Plaintiff Electronic Frontier Foundation (“EFF” or “plaintiff’) brings this action against the U.S. Department of Justice (“the Department”, “DOJ” or “defendant”) for failure to disclose information pursuant to the Freedom of Information Act (“FOIA”). Plaintiff seeks material from DOJ’s Office of Legal Counsel (“OLC”) that interprets the scope of certain areas of the Federal Bureau of Investigation’s (“FBI”) authority under federal surveillance law. Before the Court are the parties’ cross-motions for summary judgment. Upon consideration of the parties’ pleadings, relevant law, and the entire record herein, the defendant’s motion is GRANTED and the plaintiffs cross-motion is DENIED.

BACKGROUND

Plaintiff is a non-profit organization concerned with technology-related civil liberty issues. Compl. ¶ 3, ECF No. 1. In February 2011, plaintiff submitted a FOIA request for a January 8, 2010 memorandum prepared by OLC (hereinafter, “OLC Opinion”) for the FBI. Id. ¶ 9. The requested OLC Opinion was generated in the context of an internal executive branch examination of some of the FBI’s information-gathering techniques. Id. ¶¶ 5-6. More specifically, pursuant to the reauthorization of the USA PATRIOT Act, DOJ’s Office of the Inspector General (“OIG”) examined the FBI’s practice of requesting and receiving telephone records from major companies by using secret administrative subpoenas known as National Security Letters (“NSLs”). Id. The OIG found that the FBI was sometimes requesting immediate disclosure of telephone records using exigent letters, rather than or prior to providing NSL subpoenas, and subsequently initiated a study of the FBI’s use of these exigent letters to obtain telecommunications records. Id. ¶ 5.

While the OIG study was still in progress, the FBI sought OLC’s legal advice on whether, in national security investigations, the FBI’s obtainment of certain types of telephone records without the use of NSLs or any other process complied with the law. Id. ¶ 6. On January 8, 2010, OLC provided the FBI with a memorandum of its legal analysis and advice. Id. Pursuant to the FOIA, plaintiff requested a copy of the OLC Opinion on February 15, 2011. Id. ¶ 9. Ten days later, on February 25, 2011, OLC denied plaintiffs FOIA request, explaining that the OLC Opinion was being withheld under FOIA Exemptions 1 and 5. Id. ¶ 10. Plaintiff formally appealed OLC’s decision to DOJ’s Office of Information Policy (“OIP”) on *97 March 18, 2011, but received no response. Id. ¶¶ 11-13.

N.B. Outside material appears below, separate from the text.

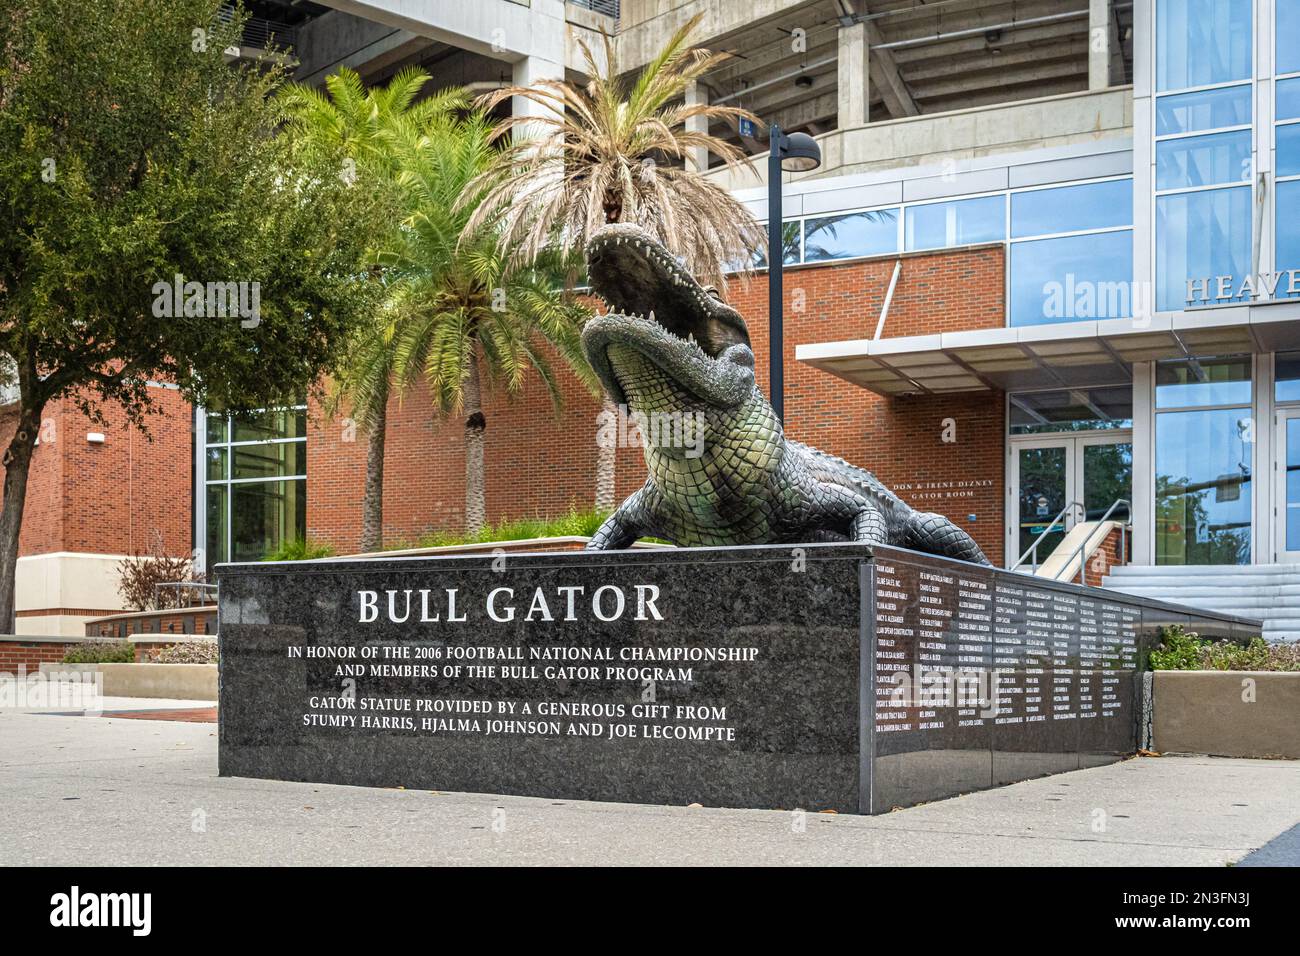 Statue de bronze Bull Gator au stade Ben Hill Griffin à Gainesville, Floride, en hommage à la victoire des Gators au Championnat national de football 2006. Banque D'Images

Two months later, on May 19, 2011, plaintiff filed a complaint in this Court, seeking an order to compel disclosure of the OLC Opinion. See generally id. On November 10, 2011, the Department moved for summary judgment, contending that the OLC Opinion was justifiably withheld under FOIA Exemptions 1 and 5. Defi’s Mot. for Summ. J. (“Def.’s Mot.”) at 1, ECF No. 11. The Department supported its motion with two affidavits, one from the FBI Section Chief responsible for FOIA requests and the other from OLC Special Counsel. See Corrected Deck of David M. Hardy (“Hardy Deck”), ECF No. 12-1; Deck of Paul P. Colborn (“Colborn Deck”), ECF No. 11-4. On December 13, 2011, plaintiff also moved for summary judgment, asserting that the DOJ is not entitled to summary judgment because it failed to carry its burden to withhold the OLC Opinion under Exemptions 1 and 5. PL’s Mem. in Opp’n to Def.’s Mot. for Summ. J. and in Supp. of PL’s Cross-Mot. for Summ. J. (“Pl.’s Mem.”) at 11-12, ECF No. 14. For the reasons set forth below, I disagree and GRANT summary judgment in favor of the defendant.

ANALYSIS

Both parties have moved for summary judgment in this case. FOIA cases are “typically and appropriately” decided on motions for summary judgment. Defenders of Wildlife v. U.S. Border Patrol, 623 F.Supp.2d 83, 87 (D.D.C.2009). “When assessing a motion for summary judgment under FOIA, the Court shall determine the matter de novo.” Judicial Watch, Inc. v. U.S. Dep’t of Homeland Sec., 598 F.Supp.2d 93, 95 (D.D.C.2009) (citing 5 U.S.C. § 552(a)(4)(B)).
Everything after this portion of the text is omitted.